Output the lines of the listing below exactly, starting at the line containing "2020 SEC Football Schedule Covid 19" and stopping after the last line, with any pictures dropped.

__Raw data__:
-=-=-

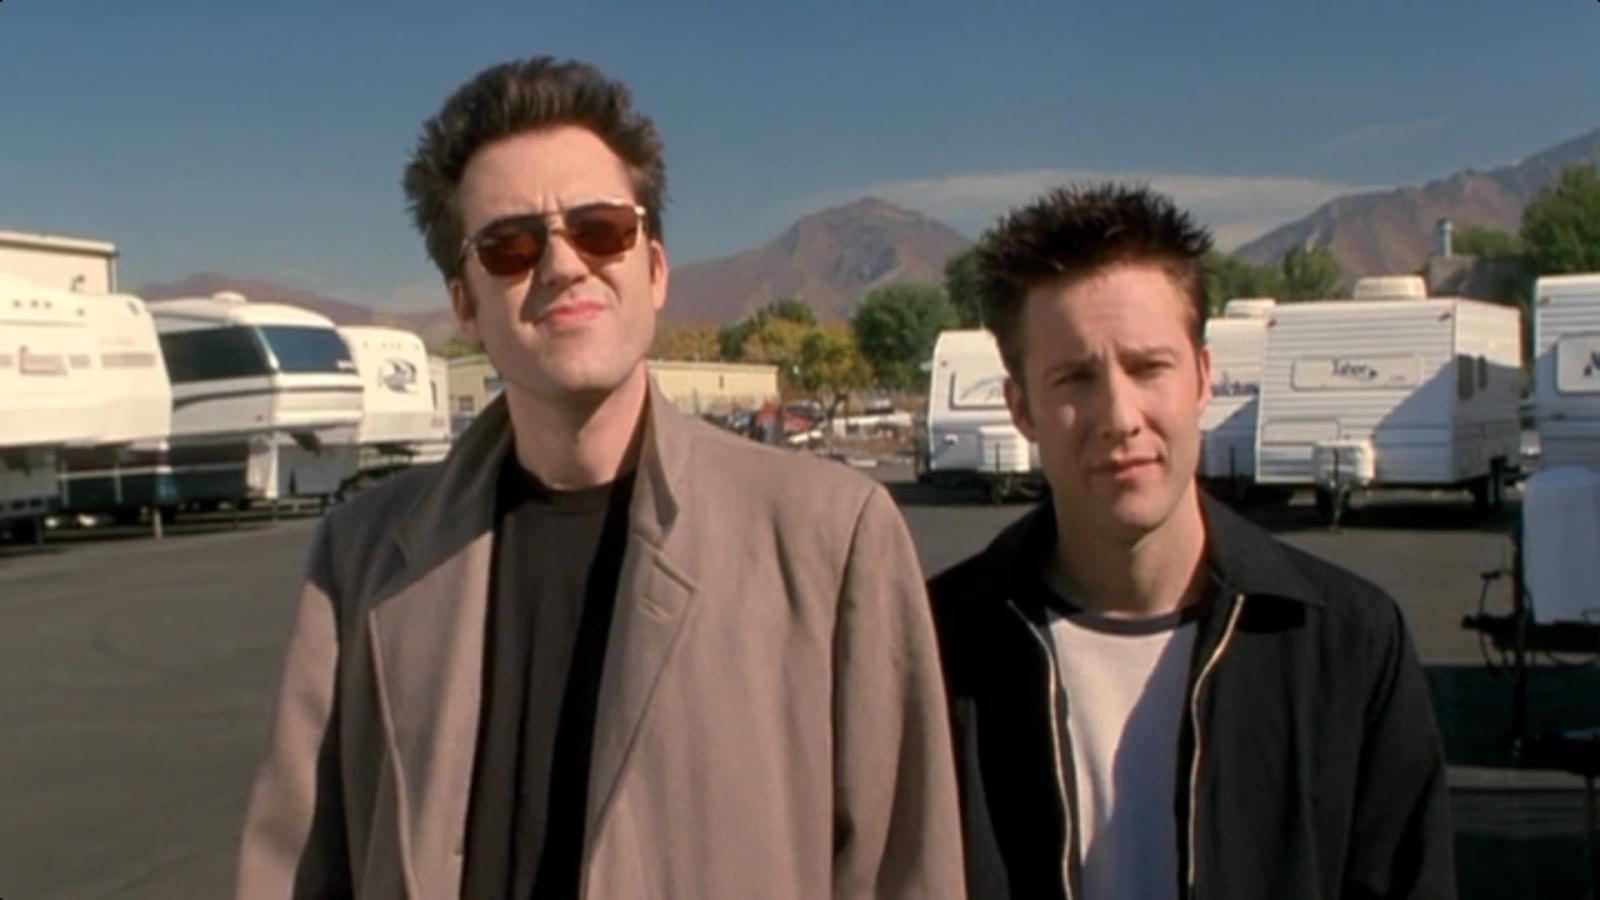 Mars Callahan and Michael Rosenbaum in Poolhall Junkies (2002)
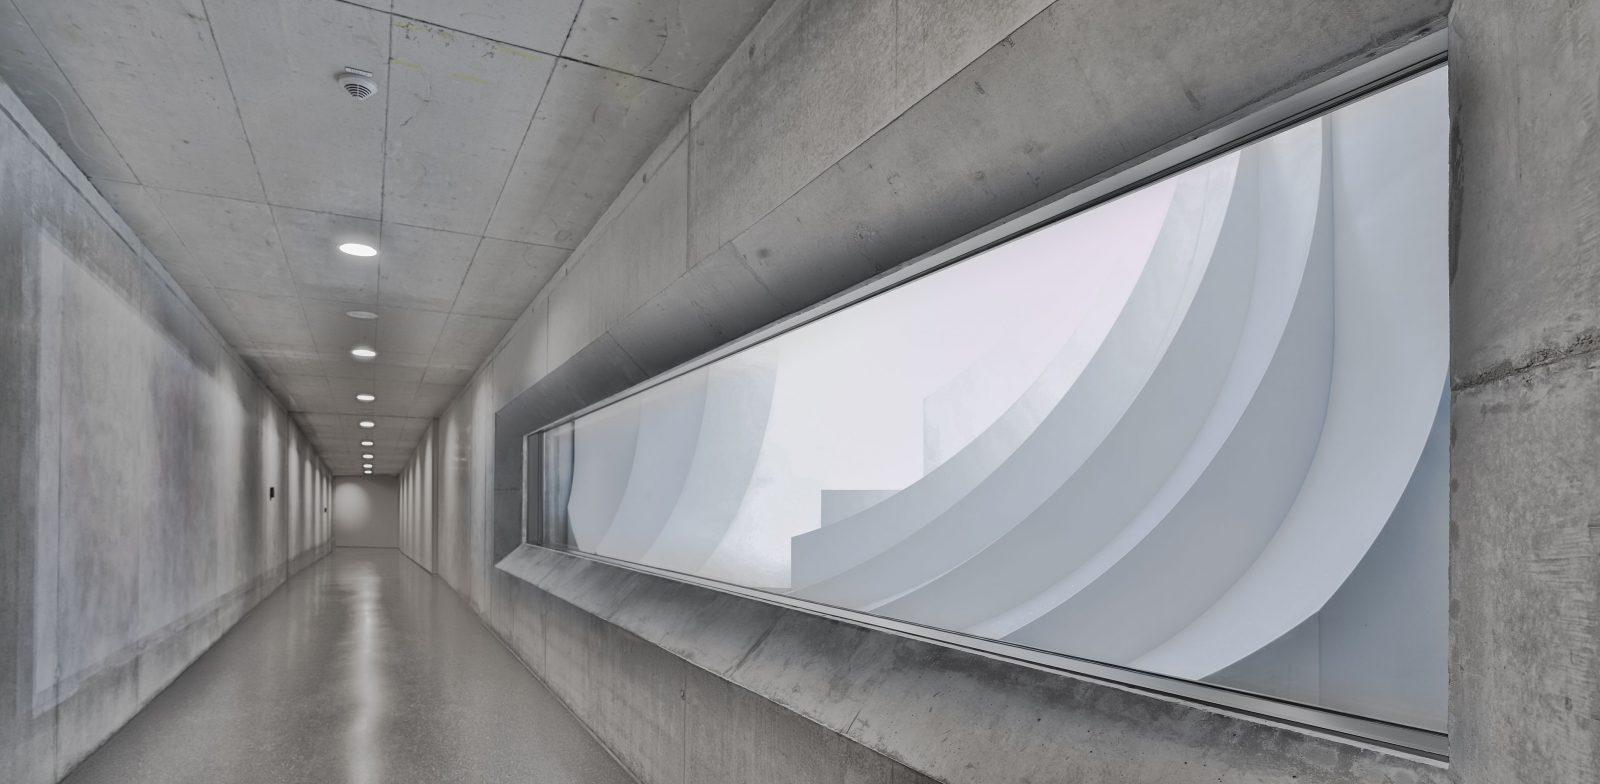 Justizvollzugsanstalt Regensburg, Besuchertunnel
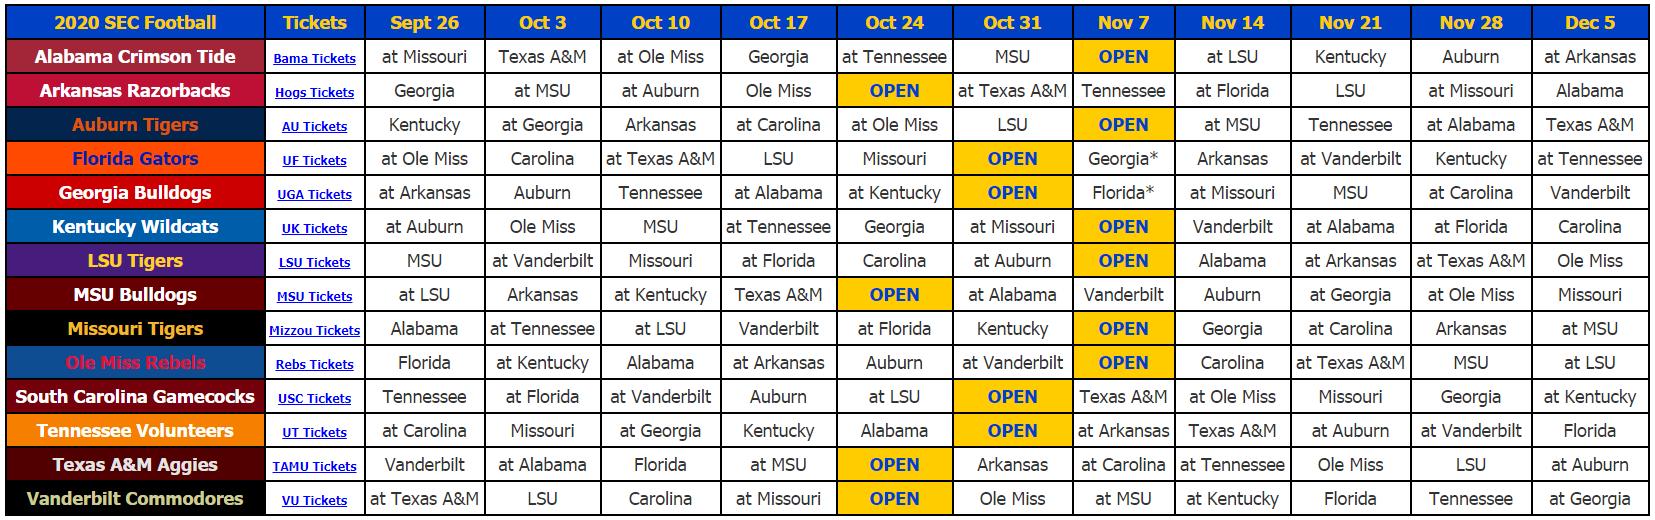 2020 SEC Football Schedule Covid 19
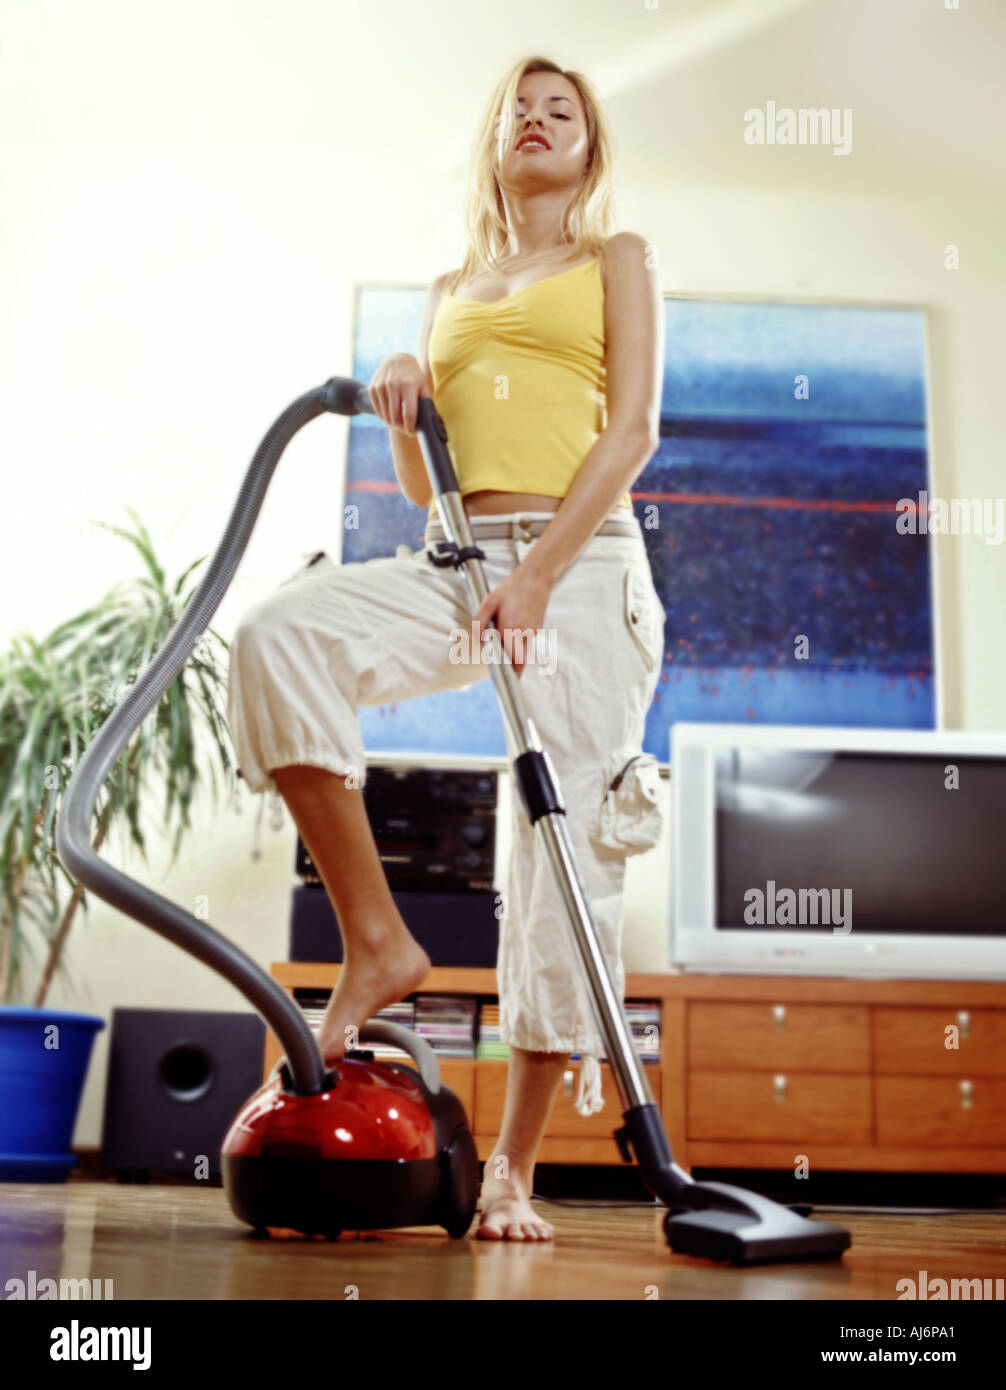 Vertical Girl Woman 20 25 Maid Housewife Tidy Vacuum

-=-=-

__Your solution__:
 2020 SEC Football Schedule Covid 19
 Vertical Girl Woman 20 25 Maid Housewife Tidy Vacuum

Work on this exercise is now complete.